Связки рекламных журнальчиков из Пхеньяна мы регулярно получали в обмен на нашу партийную печать. Точно по весу, кило за кило. Но я даже не подозревал, что эти бандерольки хоть кто-то у нас вскрывает.

— Эх, товарищ Царькова! — вздохнул я. — Мелко ты плаваешь. Есть места и покруче Северной Кореи. Ты только вообрази себе: теплый океан, пальмы, песок, белые тенты. Рядом наша яхта качается на волнах. Лиловые негры в бикини разносят холодную кока-колу...
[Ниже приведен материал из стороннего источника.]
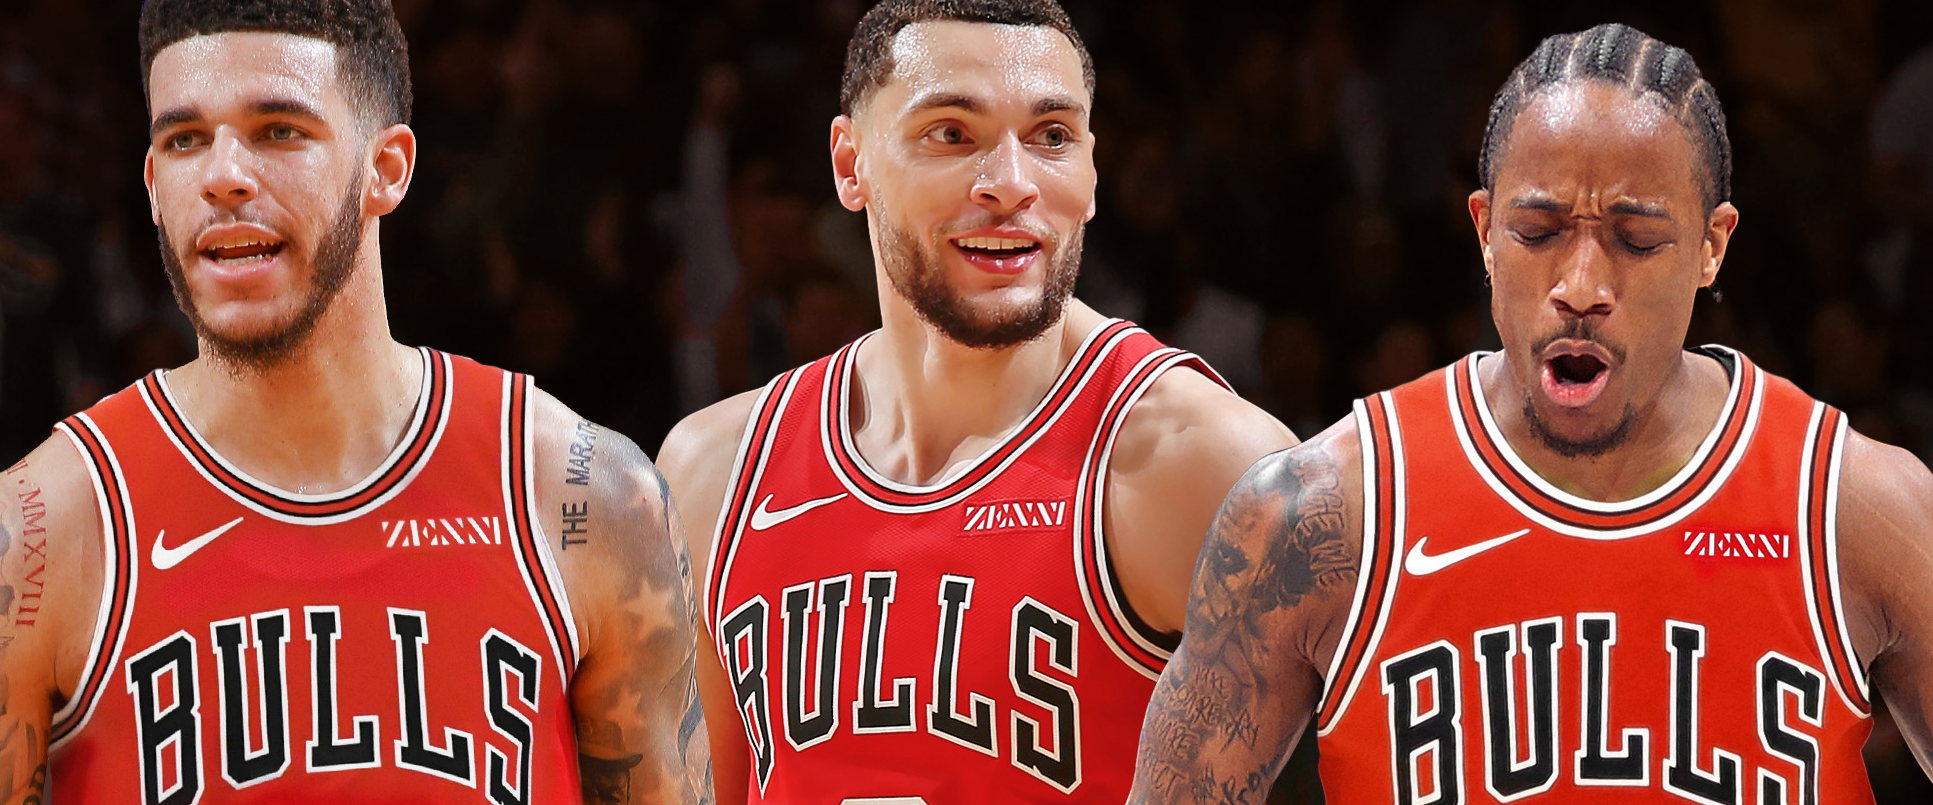 The Warriors and Bulls and How They Won Free Agency

— Куба? — радостно предположила идейная лахудра.

— Товарищ Царькова! — с упреком сказал я. — Проявляешь близорукость. Неужели кроме Кубы и КНДР никаких других стран в мире не осталось?

В который уже раз дурында покрылась густым румянцем. Теперь от напряженных раздумий.

— Остались, — вымолвила она наконец. — Ливийская джамахирия. Исламская республика Иран. Белорусская ССР. Но там, по-моему, нигде нет океа...

— Свободна, товарищ Царькова, — досадливо перебил я лахудру. — Международную политику партии ты усвоила отлично, поздравляю... Теперь иди.

Припадок великодушия миновал. Сохранять генофонд с этой упертой козой меня уже не тянуло. У такой фанатки, раздраженно подумал я, и в генах наверняка одна классовая борьба. Нарожает мне кучу павликов Морозовых, а те потом сдадут богатого тятю налоговой полиции города Кейптауна. Очень надо! Приспичит — женюсь на зулуске. Лучше черные дети, чем красные.

— Ну иди же! — повторил я.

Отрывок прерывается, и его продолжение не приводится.